The recent native title determination of Griffiths v Northern Territory is the first judgement to put a monetary value on native title rights. This article considers the important points of Mansfield J’s approach, and some of the potential consequences that may flow from the decision.
The value of ‘native title’ rights is a contentious issue for those developing agricultural, infrastructure and resources projects in Australia. Whilst native title rights have been formally recognised for 25 years, there has been little guidance as to the value, or compensation payable, for acts which extinguish or otherwise impact on native title rights. Some light is shed by a recent Federal Court decision involving the small township of Timber Creek in the Northern Territory. Timber Creek is situated between Katherine and Kunanurra in the north-western section of the Northern Territory.
Compensation was claimed for acts attributable to the Northern Territory which had occurred after 31 October 1975.1
It was determined that compensation was payable in three parts:
In determining economic loss, Mansfield J took the view that the freehold value was an appropriate starting point, as the upper limit.2
Various submissions were made as to the calculation of the appropriate proportion of the freehold value which should be applied given that the native title holders did not hold exclusive possession (which might be seen as equivalent to freehold rights). In the result, Mansfield J determined that the appropriate proportion should be 80% of the relevant freehold value. The Court noted that this was an ‘intuitive decision’ focused on a comparison of the bundle of native title rights held as compared to rights which might include exclusive possession. That is, whilst the native title rights held did not allow exclusive possession, the bundle of rights held were sufficiently extensive that on a factual consideration those rights were close to the rights which might be seen to equate to freehold rights.
The Court turned to the more difficult task of determining the compensation payable for impacts of extinguishing acts on the spiritual, cultural and social connection which native title holders have with relevant land.3 With little precedent for guidance, the Court noted this was a complex and, also, intuitive process. It was considered appropriate to adopt the term ‘solatium’ to describe this compensation component. A number of relevant matters were noted including:
Having considered the relevant facts in some detail, and their particular impacts on spiritual connection with country, Mansfield J determined that $1.3 million would be an appropriate amount of compensation.
It should be remembered that a determination of native title had already been found in 2014.4
This judgement, being essentially the first determination of the monetary value of native title rights, is a helpful guide for those involved in agricultural, infrastructure and resources projects, but should not be seen as providing any set formula, test or rule for determining the value of native title rights. Both the decision as to economic loss and the decision as to solatium were ‘intuitive’; so subjective in nature. Clearly, each case will have to be determined on a close examination of relevant facts.
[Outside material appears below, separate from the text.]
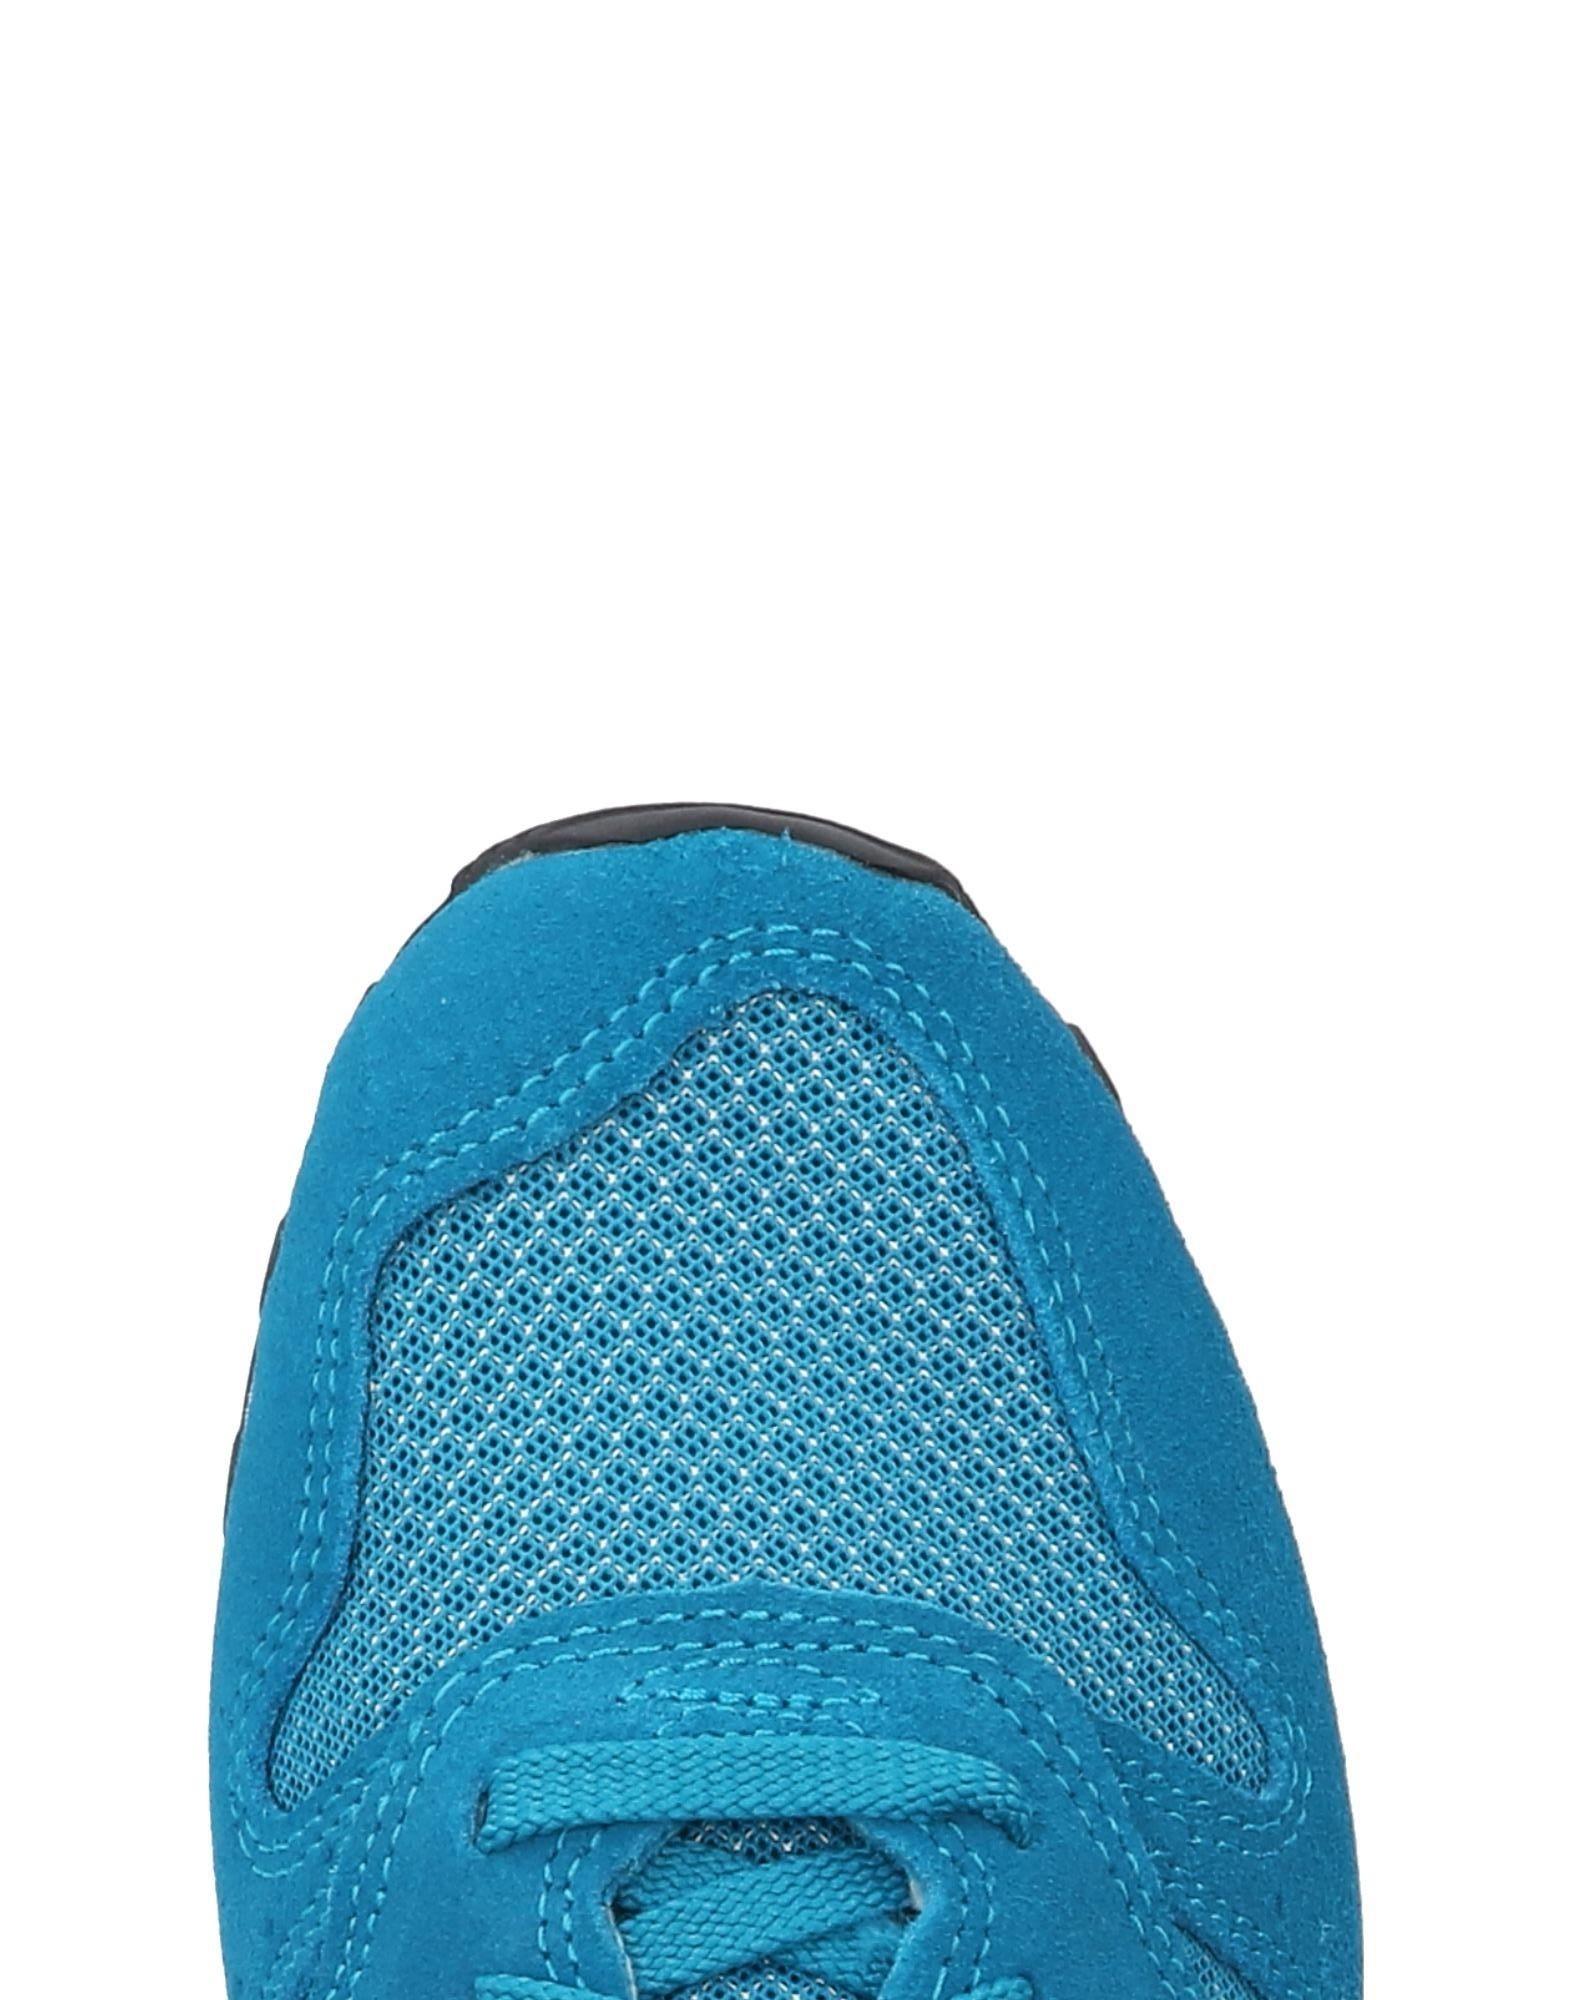 New Balance Sneakers Qualität Damen  11486566TK Gute Qualität Sneakers beliebte Schuhe 947fe6

As the case confirms, the primary liability for compensation rests with the relevant Government which has made the relevant extinguishing act. This liability may have been passed on to land holders or to holders of pastoral or resources leases under arrangements made at the time of grant or may become an issue on renewal (for example). There has also been some suggestion that the States may adopt other means to pass on any liability.5 Those holding relevant interests or investing in or financing, projects, particularly in rural Australia, should be aware of the potential risk of Governments seeking to pass on compensation liability.
Importantly, it is very clear that the amount of $3.3 million determined by Mansfield J should not be seen as reflecting a “value per square kilometre” figure. Rather, the decision reflects some very general guidelines for determining value based on the factual scenario and a subjective assessment.6
1 The commencement of the Racial Discrimination Act 1975 (RDA). It being accepted for this and previous decisions that no compensation was payable for acts before that date. 2 Having regard in particular to s51A of the Native Title Act (NTA). 3 All parties accept that ‘non-economic’ compensation should be paid. 4 Griffiths v Northern Territory of Australia [2014] FCA 256. It was accepted that any compensation ruling will be dependent on such a finding. 5 See http://www.afr.com/news/politics/miners-to-help-pay-for-native-title-compensation-claims-20160825-gr0n7m 6 The Court also referred to the Lands Acquisition Act (NT), which itself provides guidelines on cost awards. To the extent this legislation and similar legislation in other States may be relevant, that legislation may also have to be considered.